The broad theme that underlies this question is: to what extent can the study of finite groups be reduced to the study of $p$-groups?
I imagine that it is possible for a pair of nonisomorphic finite groups $G$ and $H$ to have isomorphic Sylow subgroups. That is to say, for every prime $p$, $G$ and $H$ have isomorphic Sylow $p$-subgroups. In particular, $G$ and $H$ must have the same number of elements.
Let us call $G$ and $H$ Sylow-isomorphic if they have isomorphic Sylow subgroups.
-
For a given positive integer $n$ (that we may obviously assume isn't a prime power), how many Sylow-isomorphic finite groups of order $n$ can there be?
-
Can a pair of non-isomorphic finite simple groups be Sylow-isomorphic?
Some results:
-
Every finite nilpotent group is isomorphic to the external direct product of its Sylow subgroups, so a pair of finite nilpotent groups are Sylow-isomorphic if and only if they are actually isomorphic.
-
Let $C_n$ denote the cyclic group of order $n$. If $p>2$ is an odd prime, $\text{Aut}(C_p)\cong (\mathbb{Z}/p\mathbb{Z})^\times\cong C_{p-1}$. We know that $C_p\rtimes C_{p-1}$ and $C_p\times C_{p-1}$ are non-isomorphic (the former is non-abelian while the latter is abelian), but clearly they are Sylow isomorphic. This shows that it is possible for a pair of non-isomorphic solvable groups to be Sylow-isomorphic.
Additional question:
I've heard that it is often useful to study the normalizers of $p$-groups in finite groups (this method is sometimes called local analysis, and normalizers of $p$-groups are called $p$-local subgroups).
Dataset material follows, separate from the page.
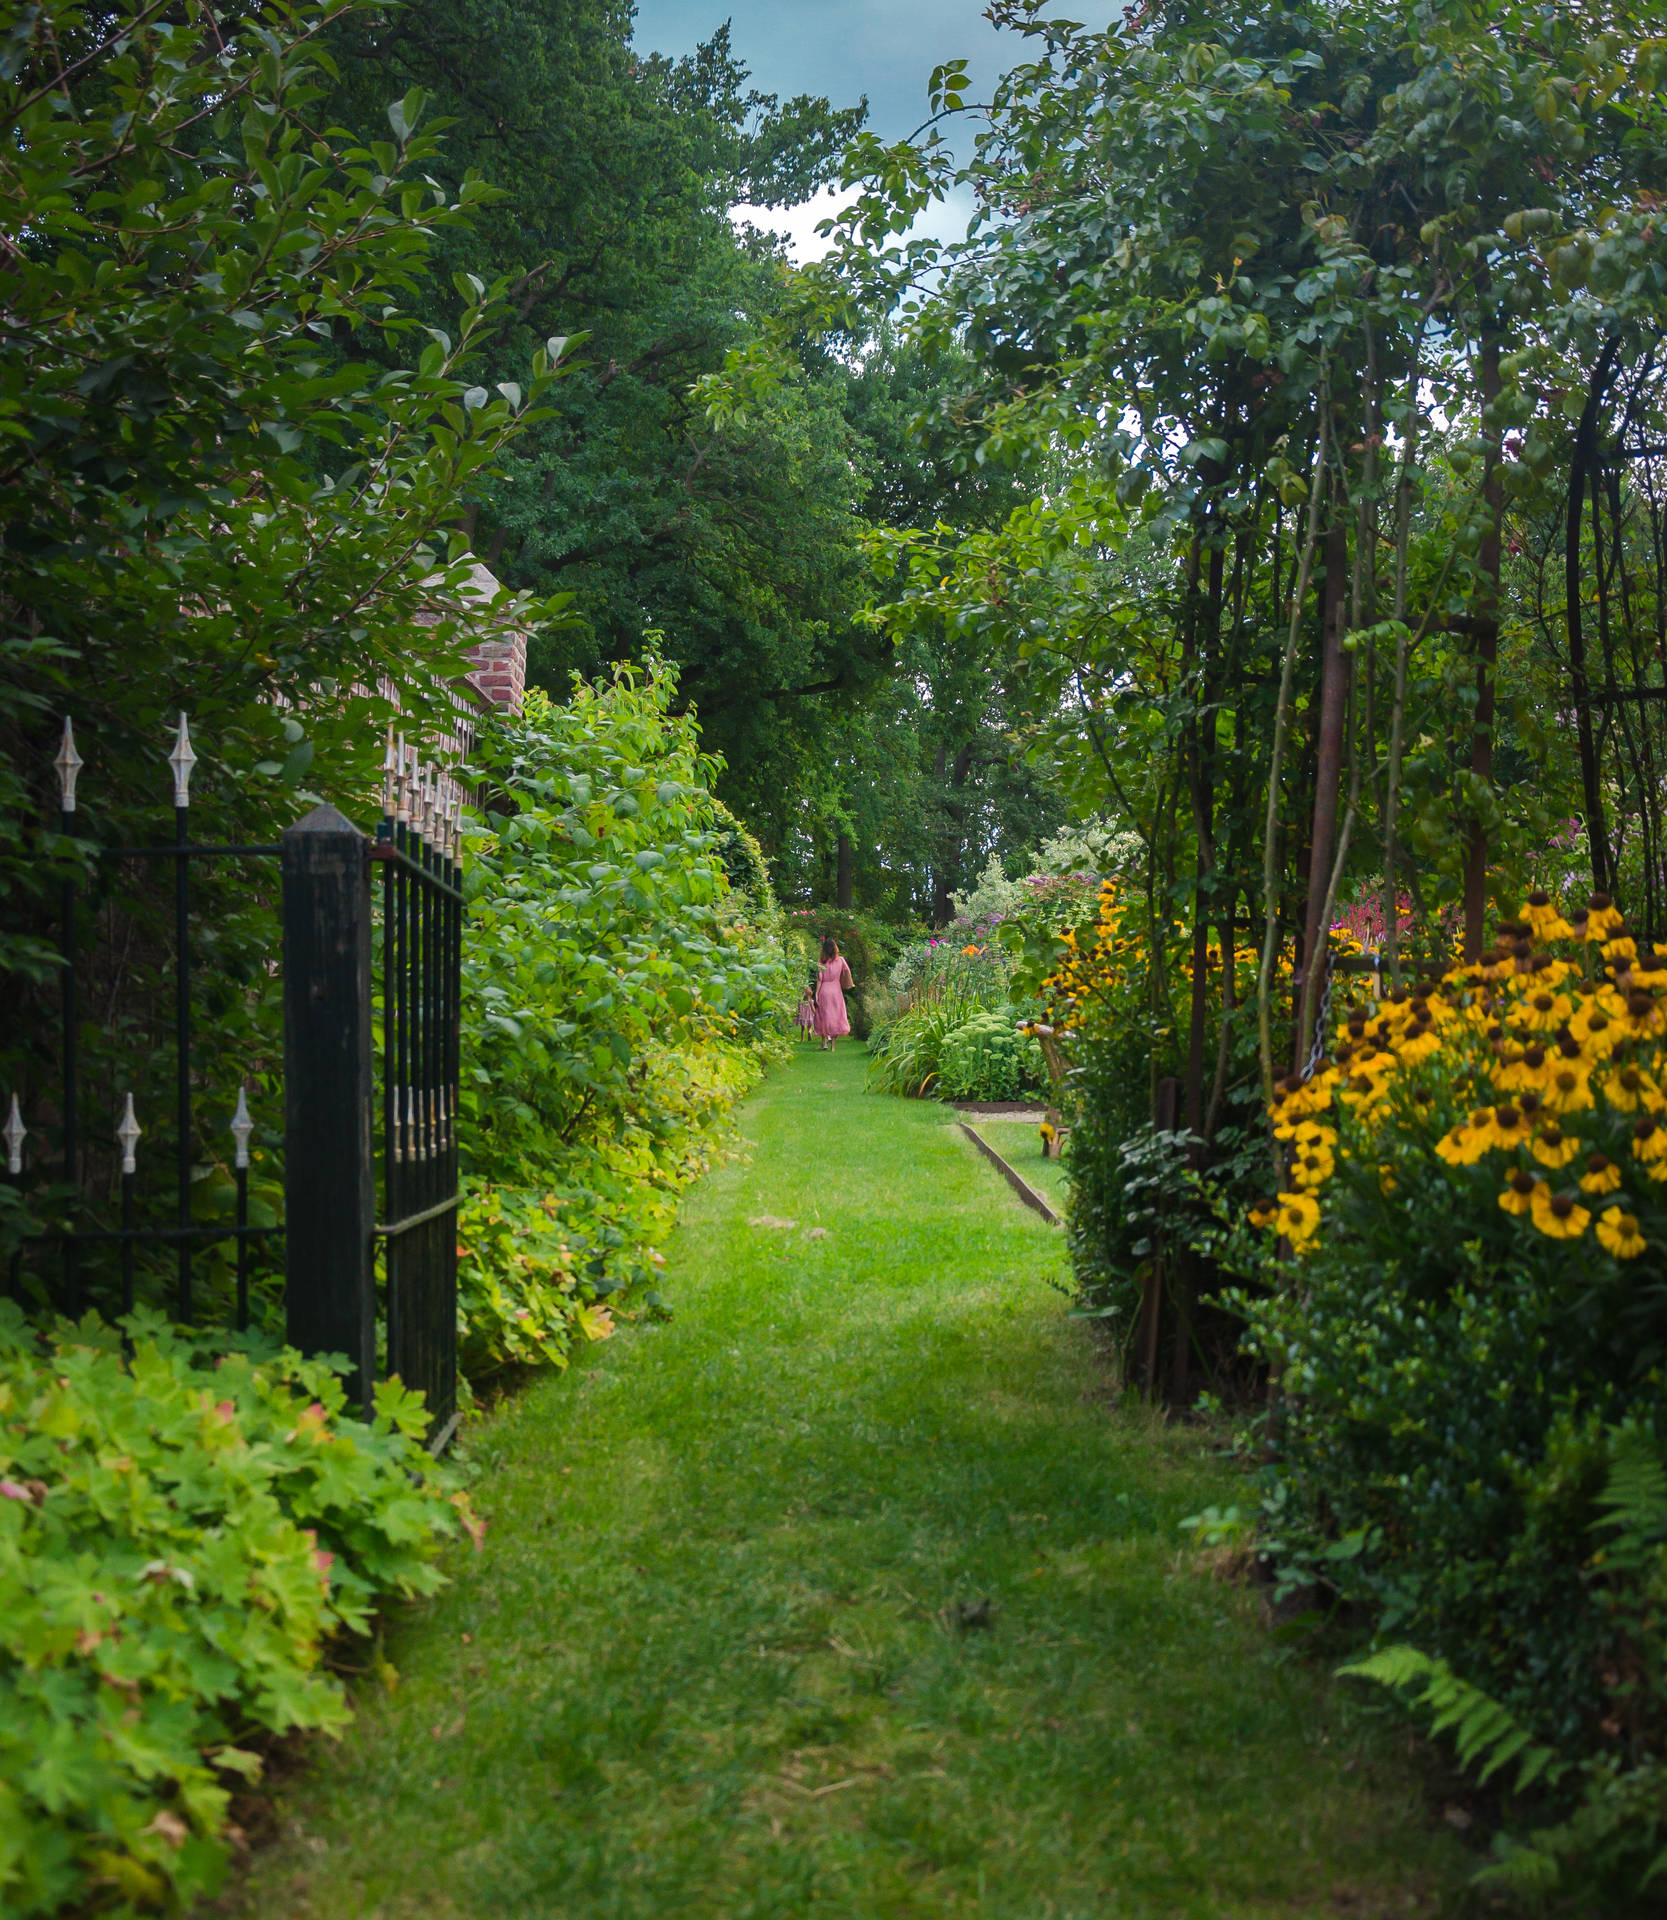 Lush Garden Cottagecore Aesthetic Picture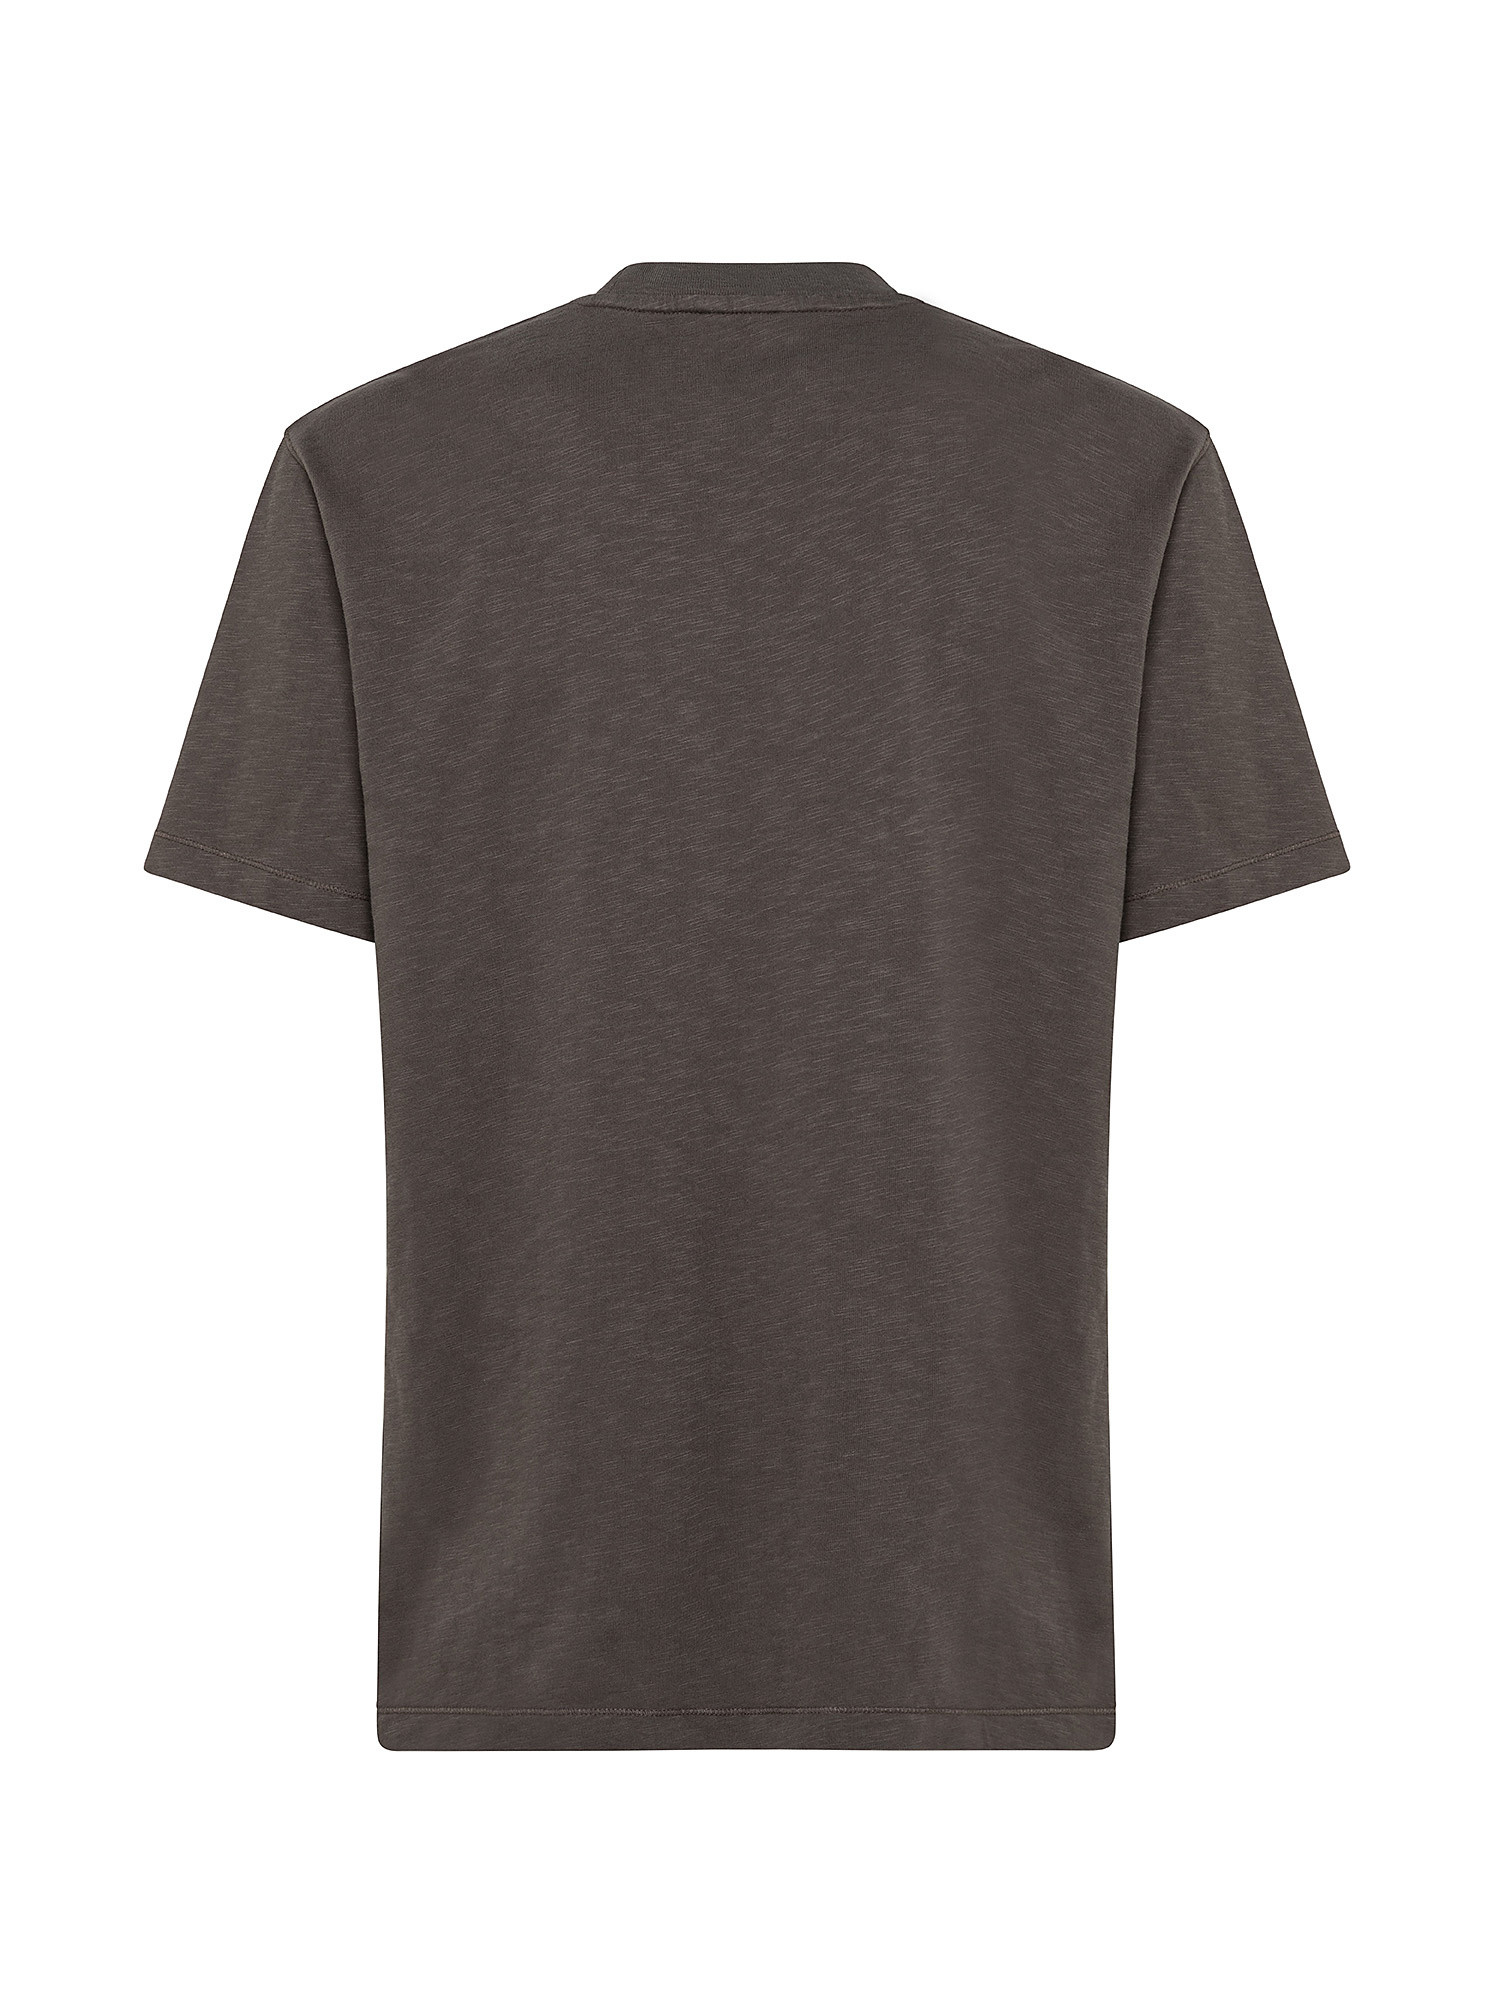 Soft T-Shirt, Grey, large image number 1

Since the Sylow $p$-subgroups of a finite group $G$ are conjugate, their normalizers must also be conjugate, so we can unambiguously talk about the isomorphism type of a Sylow $p$-normalizer of a finite group. Suppose $G$ and $H$ have isomorphic Sylow $p$-normalizers for every prime $p$. This also means, by the way, that $G$ and $H$ must be Sylow-isomorphic. In this situation, let's call $G$ and $H$ locally isomorphic. Then what can we say about how $G$ and $H$ are related?
Edit: on finding a pair of non-isomorphic, but locally isomorphic groups
If $G$ has a normal Sylow $p$-subgroup for any prime $p$, then any group that is locally isomorphic to $G$ must be isomorphic to $G$, so we must restrict our attention to groups without any normal Sylow subgroups. This means we must ignore supersolvable groups altogether, since if $G$ is supersolvable and $p$ is the largest prime divisor of $|G|$, then a Sylow $p$-subgroup of $G$ is normal.
Also, one might consider a group in which the notion of "locally-isomorphic" coincides with "Sylow-isomorphic": that is, groups in which every Sylow subgroup is self-normalizing. Such a group (assuming it isn't of prime power order) cannot be solvable, because of the following theorem:
Theorem: (R. Carter) Let $G$ be a finite solvable group. Then $G$ has a self-normalizing nilpotent subgroup, and all such subgroups are conjugate (and thus isomorphic)
So if $G$ is solvable, then there is at most one prime $p$ such that a Sylow $p$-subgroup of $G$ is self-normalizing.
Best Answer
To answer your question 2, there are very few pairs of finite simple groups with the same order. There's $PSL_3(4)$ and $PSL(4,2)$, and there's $P\Omega_{2n+1}(q)$ and $PSp_{2n}(q)$ for $q$ odd. None of these are Sylow isomorphic in your sense.
As a contribution to your question 1, finite groups can be not only Sylow isomorphic but they can even be indistinguishable from the point of view of fusion at any prime. This is equivalent to the $\mathbb{Z}$-completion of the classifying spaces being homotopy equivalent. Probably the smallest example is $(\mathbb{Z}/3\rtimes\mathbb{Z}/4) \times (\mathbb{Z}/5\rtimes\mathbb{Z}/2)$ and $(\mathbb{Z}/3\rtimes\mathbb{Z}/2) \times (\mathbb{Z}/5\rtimes\mathbb{Z}/4)$, with the action of $\mathbb{Z}/4$ having the subgroup of index two in its kernel in both cases.